U.S. Pat. Nos. 6,263,349, 6,279,010, and 6,345,283 to the applicant describe various techniques for data analysis. There are several products that analyze data after the bit stream backup has been created. U.S. Pat. No. 6,792,545 to McCreight et al. describes a system for forensic investigation of a target machine on a network. The system of McCreight et al. installs a servelet on the target machine, instructs the servelet to retrieve data from the storage device, and then transmits the data from the target machine. The data is then saved for analysis on a client machine.

U.S. Pat. Pub. No. 2004/0143609 of Gardner et al. describes a system for locating information in conventional back-up files using a non-native environment, that is, a computing environment that is different from the one in which the data originated. The system of Gardner et al. can filter files before the files are written to the back up subsystem. The system is limited to checking actual user files and does not teach analyzing a forensic back-up that includes data, such as file slack and unallocated space, that is, not files.
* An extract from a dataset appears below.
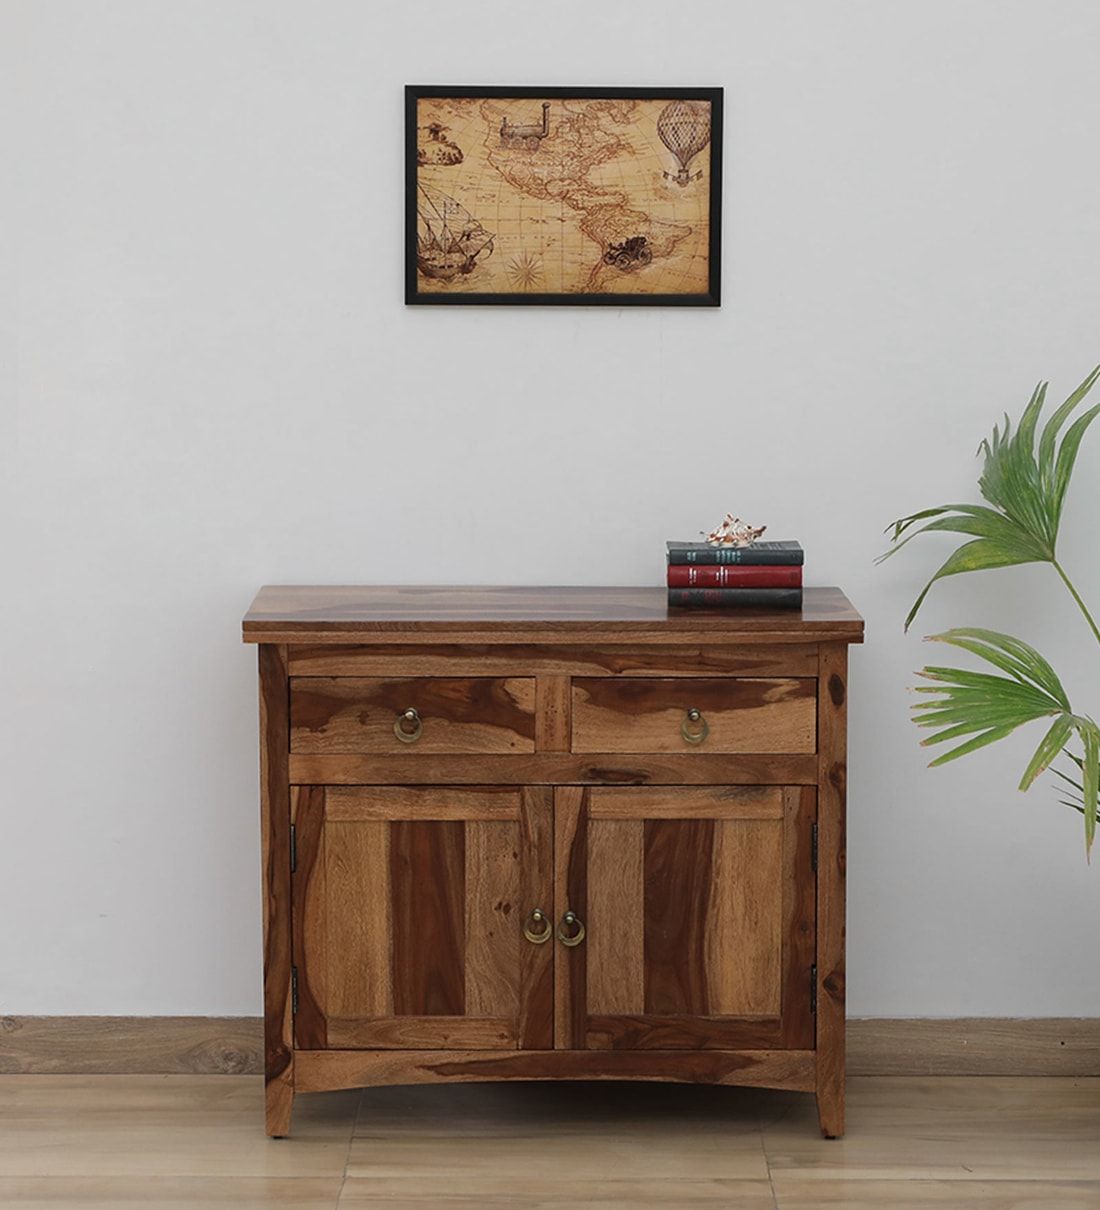 Buy Biscay Sheesham Wood Sideboard In Scratch Resistant Rustic Teak Finish Woodsworth From Pepperfry | Pepperfry Intended For Recent Sideboards With Breathable Mesh Doors (Photo 7 of 15)

The tools described above require a trained investigator to decide which analyses to run and then to run the analyses and evaluate the results. A major problem in the forensic analysis of computer data is the overwhelming amount of data available to be analyzed. Modern hard disks on personal computers typically have capacities in the tens or hundred of gigabytes. When there is a large quantity of data to review, the task of deciding which analyses to run on each disk image and then running each analysis can be daunting. To conserve resources, an investigator will often limit the number of analyses he decides to run. Although this saves investigator time, it can result in important evidence being overlooked.